3 Asian stock markets plan billions to fight volatility: report

Posted on July 1st, 2008 by Mindy Yong.
Categories: Singapore News.

3 Asian stock markets plan billions to fight volatility: report

Taiwan, Vietnam and Pakistan set aside stabilisation funds to allay market fears
(TAIPEI) Taiwan, Vietnam and Pakistan are poised to inject billions of dollars into their own stock markets soon, reported the Financial Times (FT) on Sunday.
 
Tough times: A scene at a Taipei brokerage last Friday, when the market sank to a five-month low 
All have set aside market stabilisation funds to allay investors’ fears over the volatility of the market, and are coming under increasing pressure to utilise them.

This comes even as there has been a 13 per cent fall this year in the MSCI Asia Pacific Index, which looks as though it would end June with its worst first-half performance since 1992, when it sank by 23 per cent as the Japanese economic bubble deflated.

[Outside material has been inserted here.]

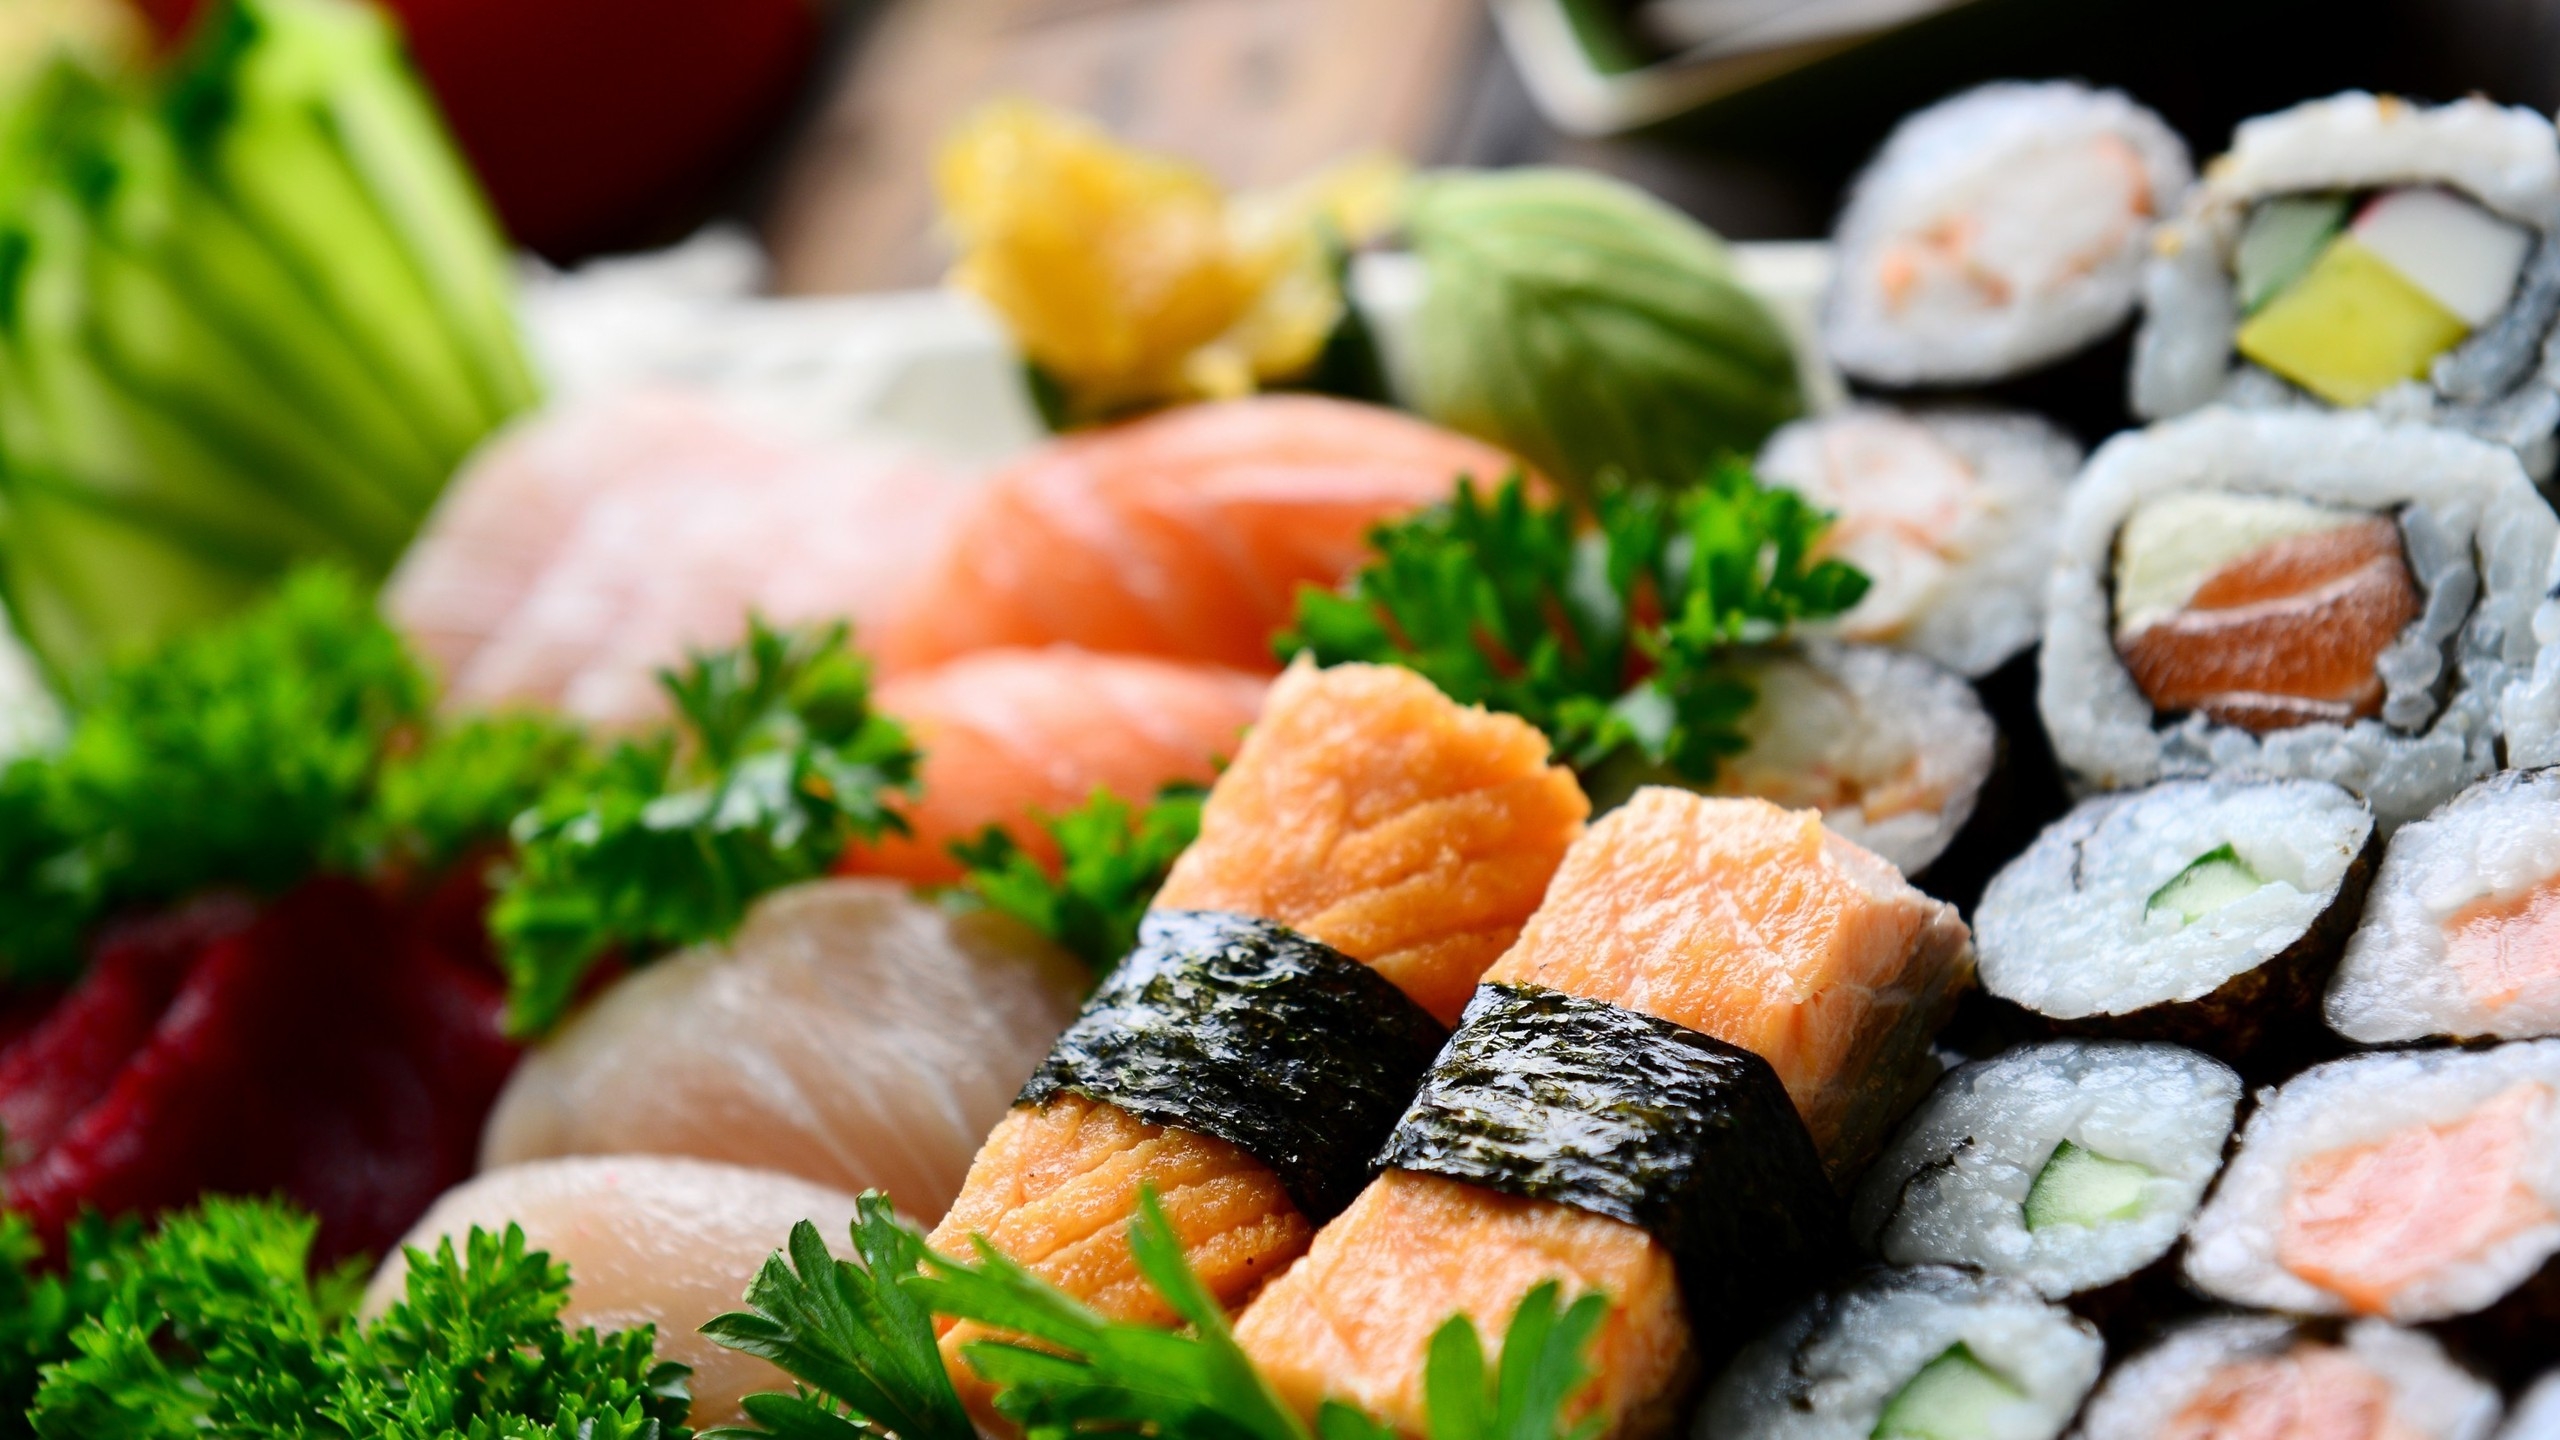 Appetizing Sushi Rolls for 2560x1440 HDTV resolution

The Cabinet in Taipei, where the local market dropped to a five-month low last Friday, had called on government pension and insurance funds to buy more domestic shares and to hold their investments for a longer period.

Economic and financial ministers and central bank officials met over the weekend to discuss how to boost investor confidence, reported FT. They stopped short, for now, of ordering the use of a NT$500 billion (S$22.4 billion) National Stabilisation Fund designed to support markets in times of volatility caused by non-economic events. However, the board of the fund, which was last used during political turmoil after the 2004 presidential election, will meet again this Friday.

 
Karachi had one of the hottest markets in the world in 2007, but its loss of nearly one-third in value since April has created ’systemic risk’.
 
 
 
 
 
 
The Karachi Stock Exchange (KSE) in Pakistan is coming under increasing pressure to use a 30 billion rupee (S$604 million) stabilisation fund set up last week for use in ‘volatile circumstances’.

Karachi had one of the hottest stock markets in the world in 2007, but its loss of nearly one-third in value since April has created ’systemic risk’, the KSE said.

Meanwhile in Vietnam, state media reported that the stock exchange and securities regulator was setting up a stabilisation fund to support a market that has lost nearly two-thirds of its value this year as inflation surged.

Official intervention to support share prices has a long history in Asia, reported FT.

One of the most successful examples was in 1998, when the Hong Kong government bought shares in the aftermath of the Asian financial crisis to support the value of the assets backing the territory’s currency, which is pegged to the dollar.

Japan started to intervene in the stock market in 1991 when prices halved after the ‘bubble economy’ burst. Interventions continued for several years, but more than a decade later the Nikkei average is only worth a third of its value in 1989.

‘The success (of official support) depends on one thing only: how cheap the market is,’ said Khiem Do, head of multi-asset at Baring Asset Management in Hong Kong. ‘The price- earnings ratio has ideally to be below 10 times, or no higher than the mid-teens, and then you have some chance of it working.’

Taiwan is currently trading at about 11 times forecast profits, Pakistan at 14 and Vietnam at about 10, he said, reported FT.